U.S. Naval Research Laboratory
01/21/2026 | Press release | Distributed by Public on 01/21/2026 08:29
U.S. Naval Research Laboratory Advances Laser Technology for Fusion Energy Applications Through BETHE Program
NEWS | Jan. 21, 2026
U.S. Naval Research Laboratory Advances Laser Technology for Fusion Energy Applications Through BETHE Program
By Jameson Crabtree, U.S. Naval Research Laboratory Corporate Communications
WASHINGTON, D.C. - Scientists in the Plasma Division at the U.S. Naval Research Laboratory (NRL) are building on a multi-year research effort that demonstrated the potential of an advanced laser technology that could help enable future inertial fusion energy power plants.
Fundamental developments on repetitive pulsed power and other aspects of the research could allow breakthroughs in viability and support long-term Navy and national security objectives. The work was conducted as part of the Department of Energy's Breakthroughs Enabling THermonuclear-fusion Energy (BETHE) program, a research initiative focused on developing a more efficient laser driver for fusion energy applications.
NRL research explored the use of an argon fluoride (ArF) excimer laser as a next-generation driver for inertial fusion energy.

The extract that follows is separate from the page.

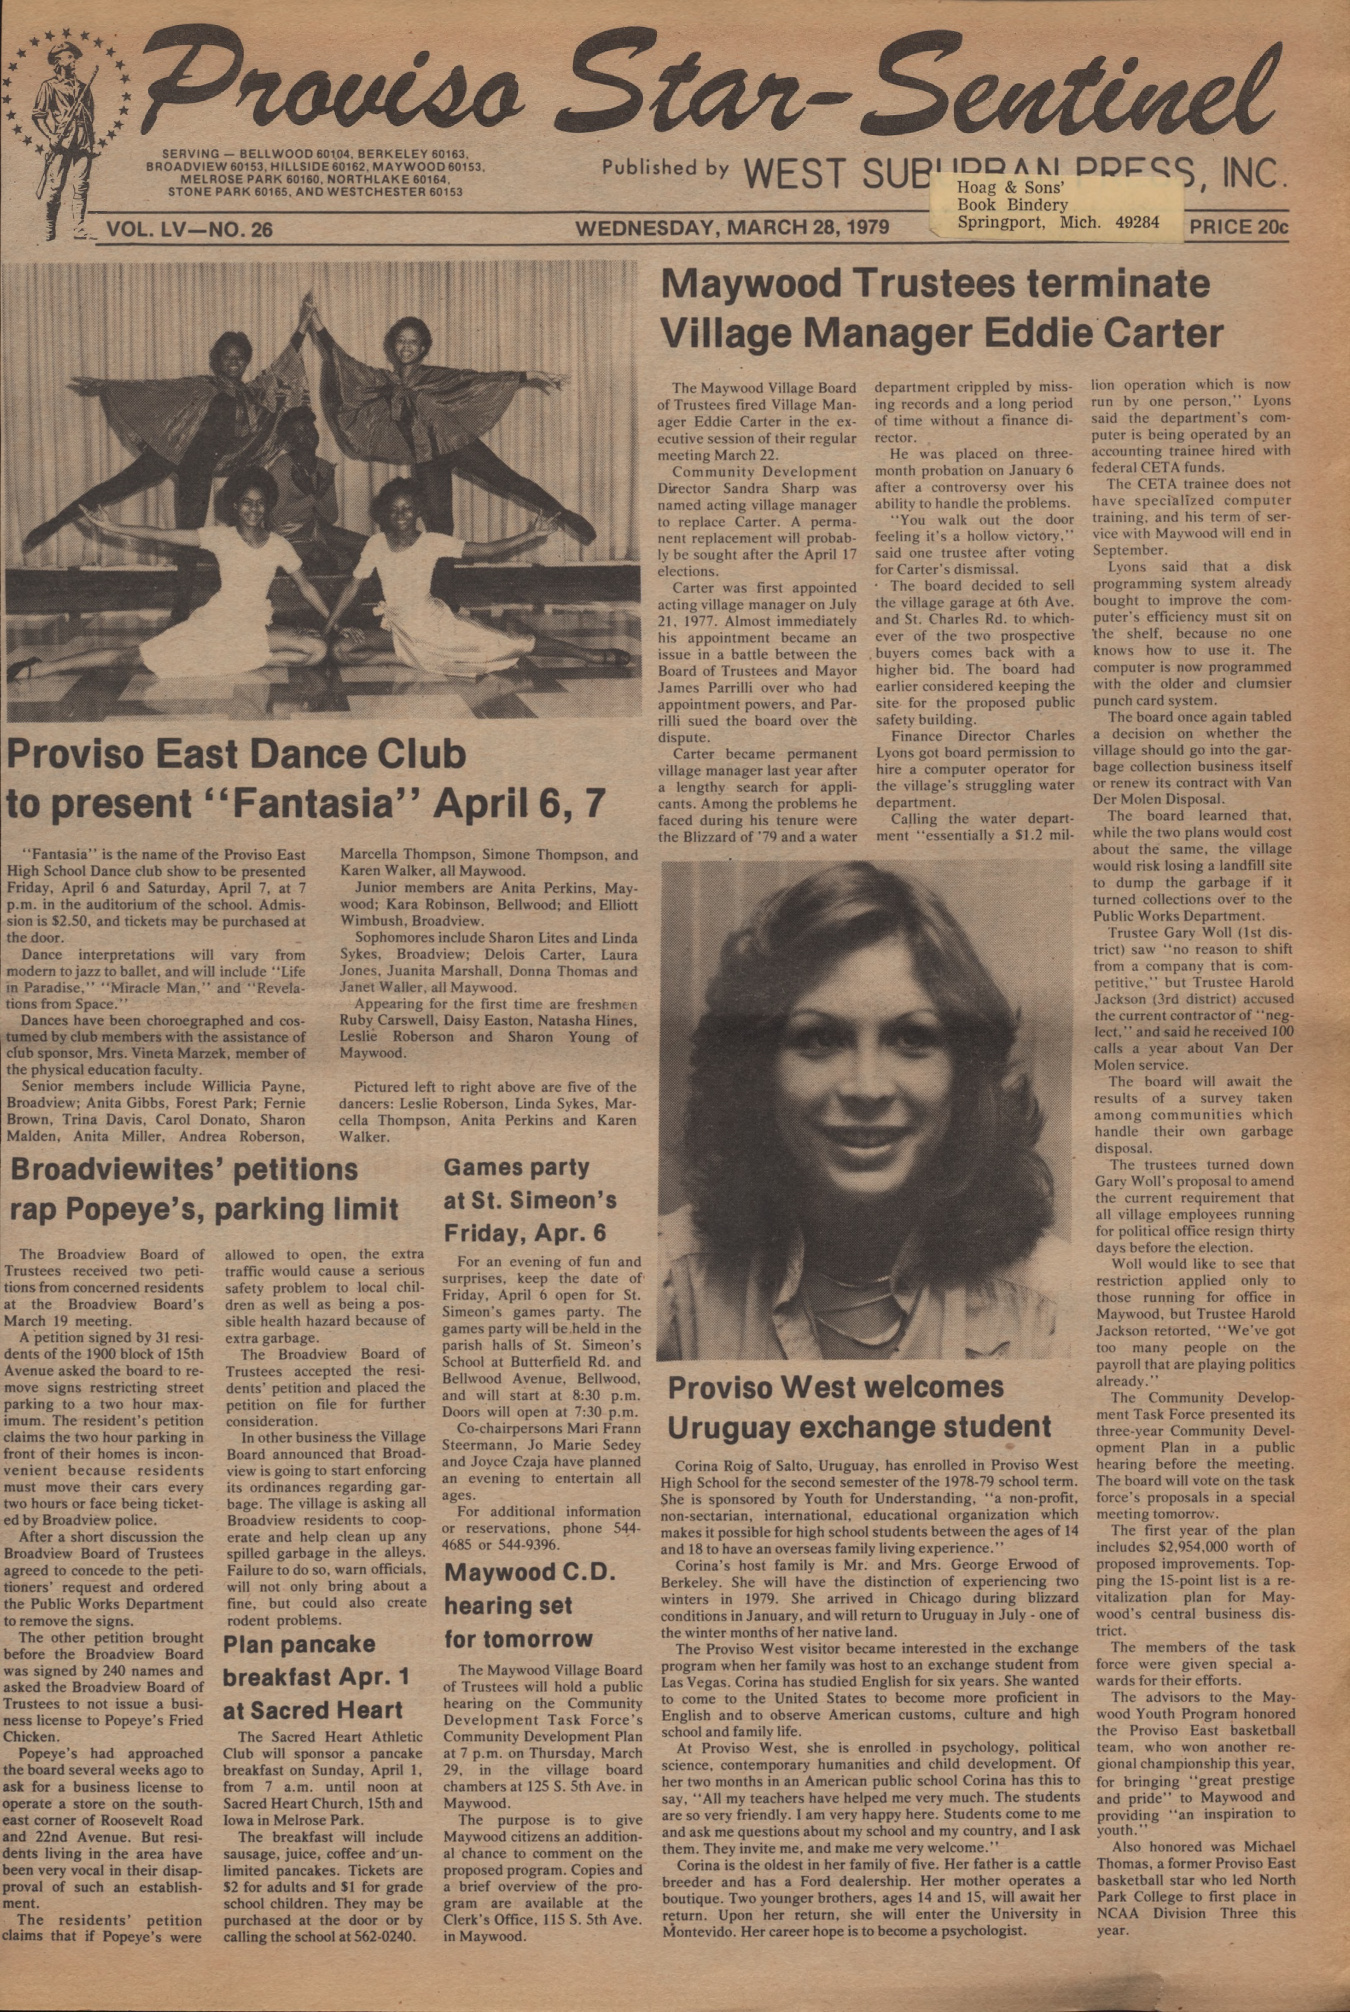 Proviso Star-Sentinel – 19790328

Compared with conventional approaches, ArF lasers offer the promise of higher laser efficiency and increased target gain, two key factors needed to improve the viability of commercial fusion power.
"This program was about developing a new laser driver that could improve the overall efficiency of inertial fusion energy systems," said Matthew Wolford, Ph.D., head of the Electron Beam Science and Applications Section at NRL. "Higher laser efficiency and higher target gain give fusion energy a better chance at eventual commercialization."
Over the course of approximately three years, the NRL team evaluated the feasibility of scaling ArF laser technology for high-energy applications. One of the program's key technical achievements was demonstrating laser outputs approaching 240 joules per shot, the largest argon fluoride laser performance reported to date, while identifying a pathway toward significantly higher wall-plug efficiency. This is the first demonstration of high energy capability for ArF lasers, although much higher energy will need to be achieved for applications such as fusion power plants.
"We were encouraged by both the laser output and the intrinsic efficiency measurements of argon fluoride," Wolford said. "Those results suggest this technology could support fusion energy systems that require less input energy to reach ignition."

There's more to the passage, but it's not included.